Such R ² intercalates and binds to a double-stranded nucleic acid, and thus a probe having such R ² can be preferably used for measurement of a double-stranded nucleic acid.

Furthermore, as R ² , a group in which one hydrogen atom is removed from a complex-forming compound such as EDTA, which is coordinated with another substance, can be used.

In the general formula [I], A is an optional spacer portion. A is not essential, and R ² may be directly bonded to the photocleavage part described later. The probes of the invention, the R ² is bound with other substances, after cleavage of the light cleavage X by light irradiation, because the mass probe unit containing molecules is to mass spectrometry, between R ¹ and X The located A can take any structure.

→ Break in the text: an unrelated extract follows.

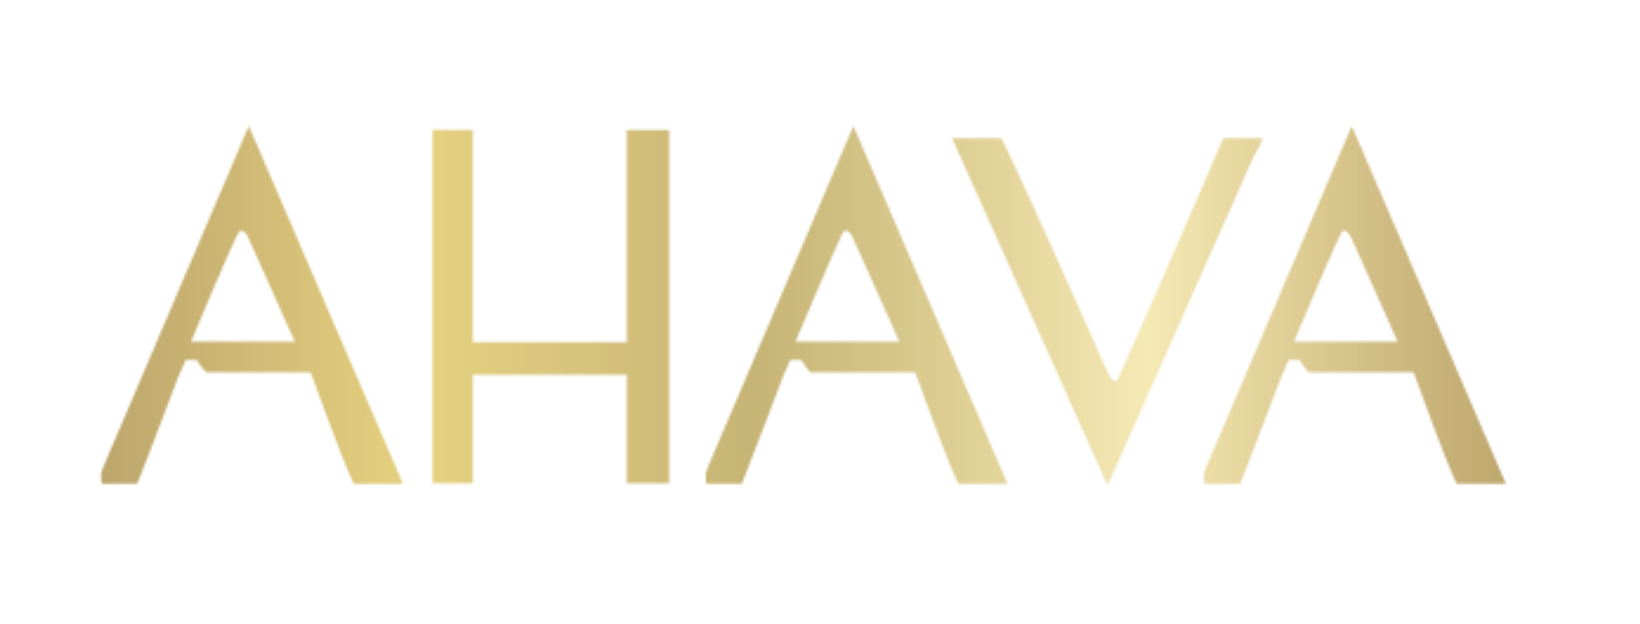 AHAVA USA logo

However, when it is assumed to be used in an aqueous medium, it is preferable to include a hydrophilic group such as amide, ether, amine, or ketone. Therefore, when assuming use in an aqueous medium, a structure in which an amide, ether, amine, ketone or the like is inserted or added to an alkylene group having about 1 to 6 carbon atoms (hereinafter referred to as a lower alkylene group) is preferable. For example, in the examples described later, the spacer portion is —C ₂ H ₄ —CO—NH—CH ₂ —, in which an amide group —CO—NH— is inserted into a propylene group. When it is desired to impart hydrophobicity, an aryl group (such as phenyl) can be introduced into the lower alkylene group. It is also possible to make both the hydrophobic part and the hydrophilic part amphiphilic.

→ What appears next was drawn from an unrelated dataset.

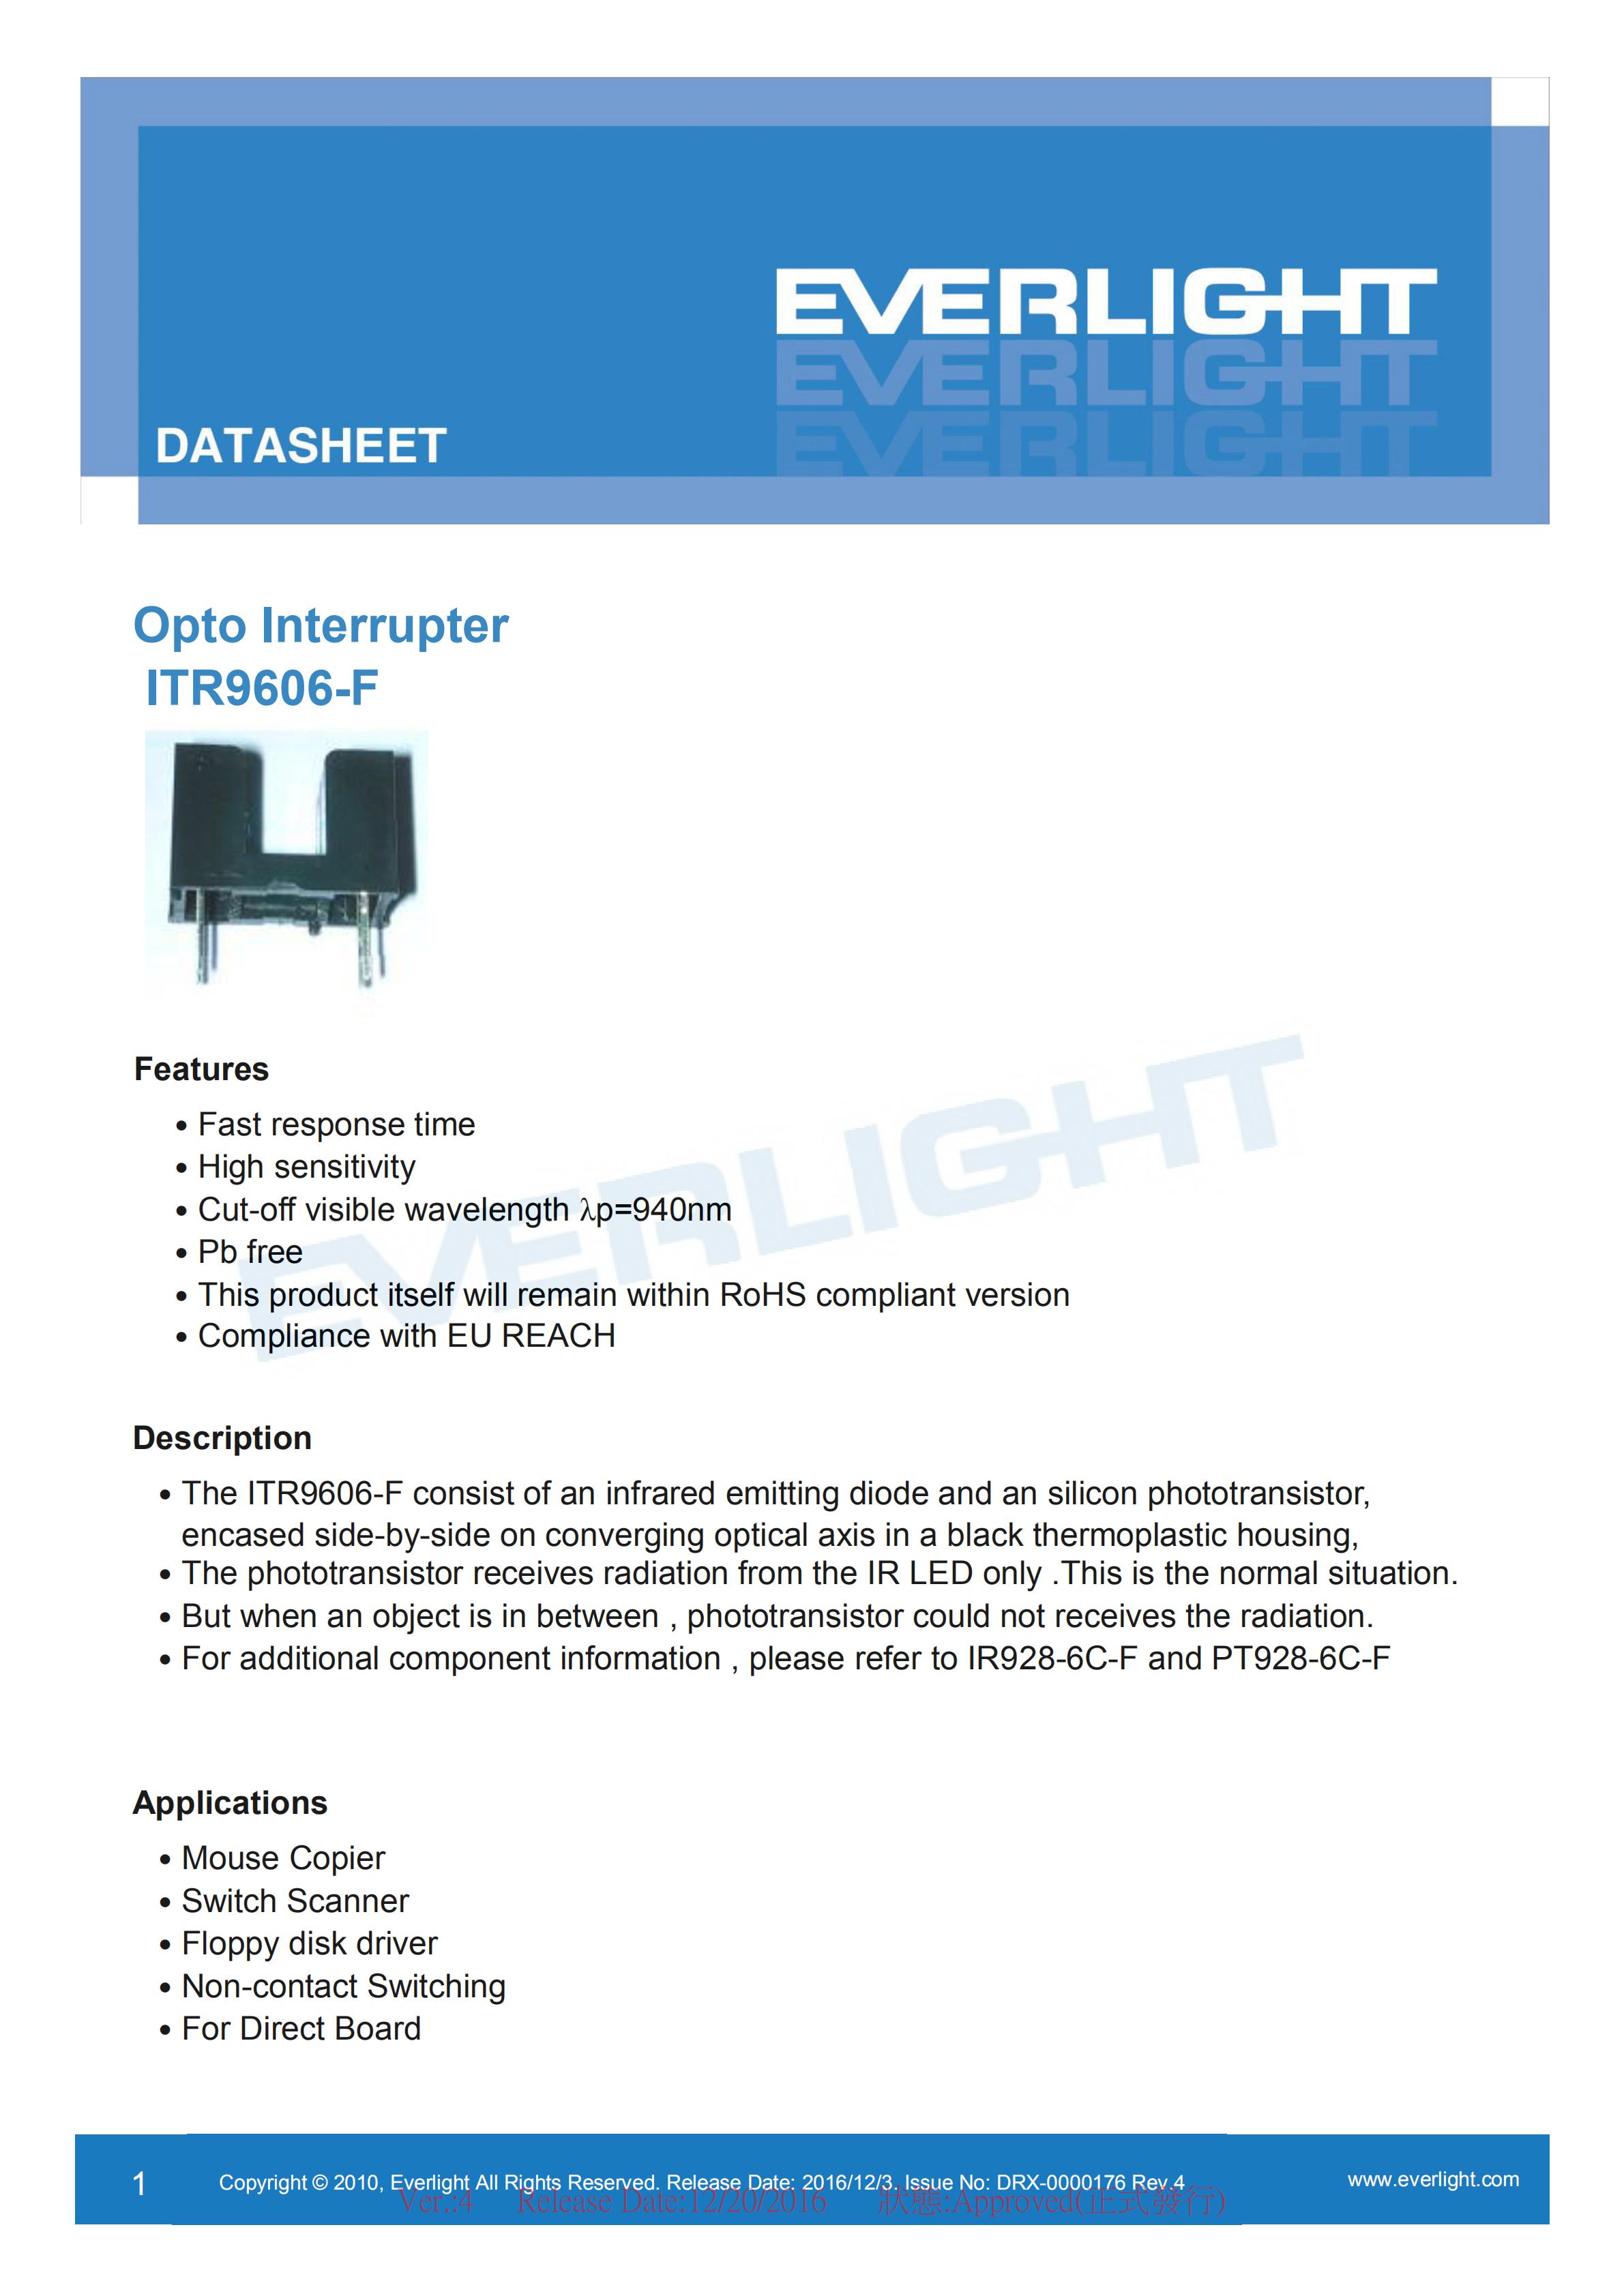 EVERLIGHT Optical Switch ITR9606-F Opto Interrupter Datasheet

  In the general formula [I], X is a photocleavage part composed of a structure that is cleaved by light irradiation. The photocleavage part is not particularly limited as long as it is a structure that is cleaved by light irradiation. Preferred examples of the photocleavable part include divalent structures represented by the following general formula [II], [III] or [IV].

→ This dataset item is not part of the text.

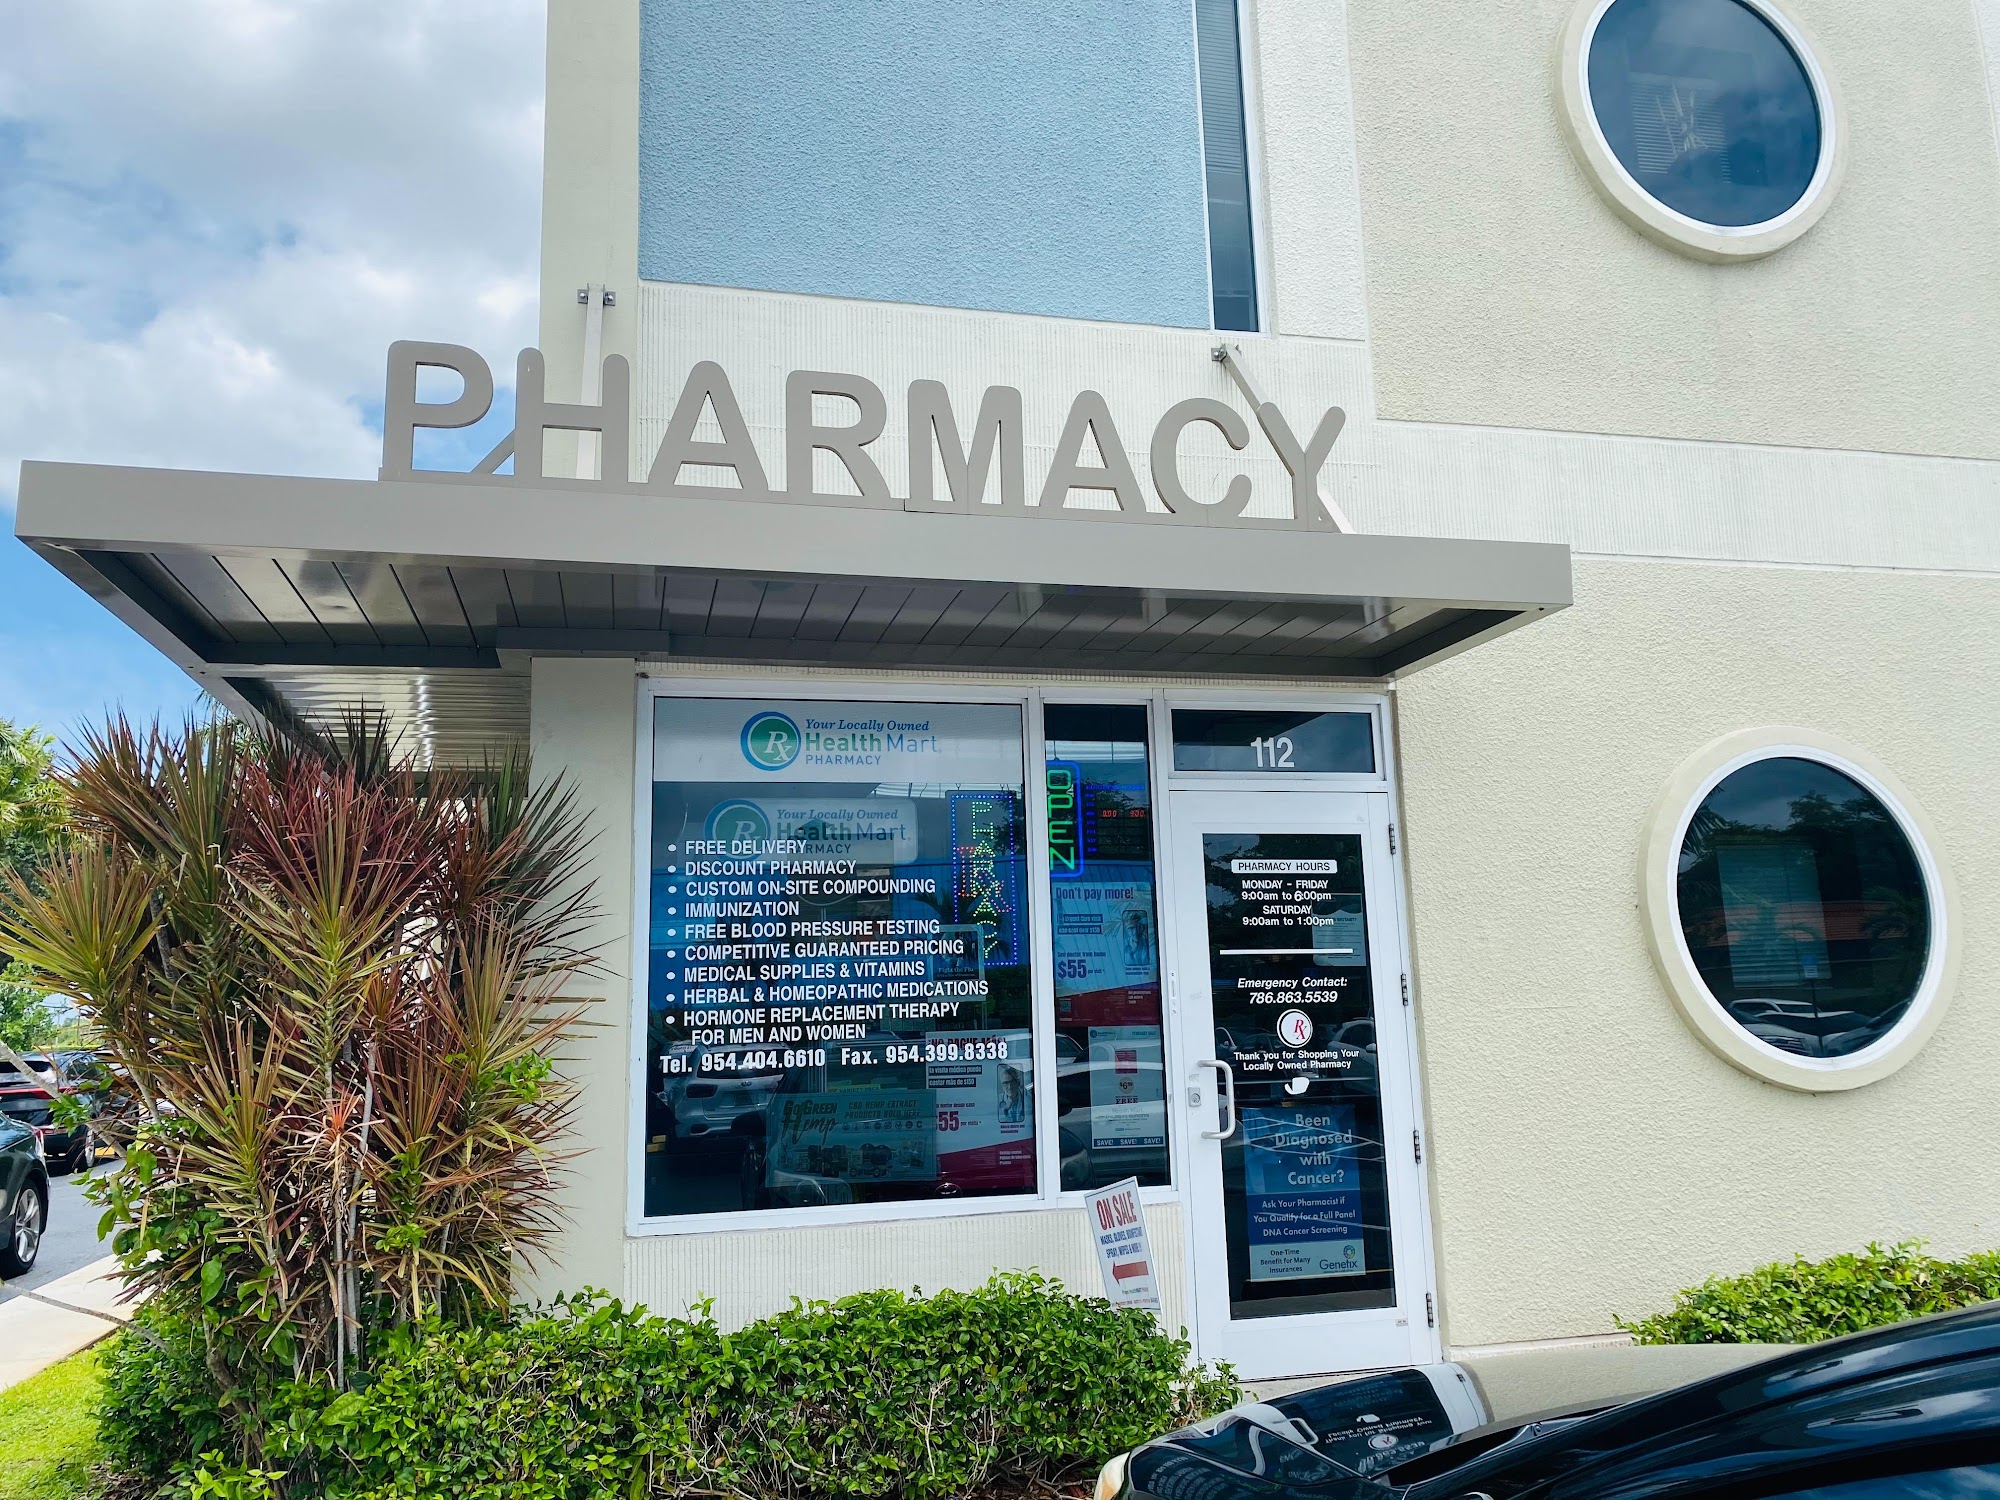 Pines Health Mart Pharmacy

(However, in the general formulas [II] to [IV], R ³ and R ⁴ each independently represent hydrogen, a lower alkoxyl group or a carboxy lower alkyl group).

Among these, in the general formula [II], R ³ and R ⁴ are hydrogen, and in the general formula [III], R ³ and R ⁴ are both (1) hydrogen or (2) a nitro group. 4,5-dimethoxy as the position, and in the above general formula [IV], R ³ and R ⁴ are either (1) 4,5-dimethoxy with the nitro group as the 2-position or (2) carboxy with the hydrogen and nitro group as the 2-position A methyl group is particularly preferable, and a structure represented by the general formula [II] in which R ³ and R ⁴ are both hydrogen is particularly preferable.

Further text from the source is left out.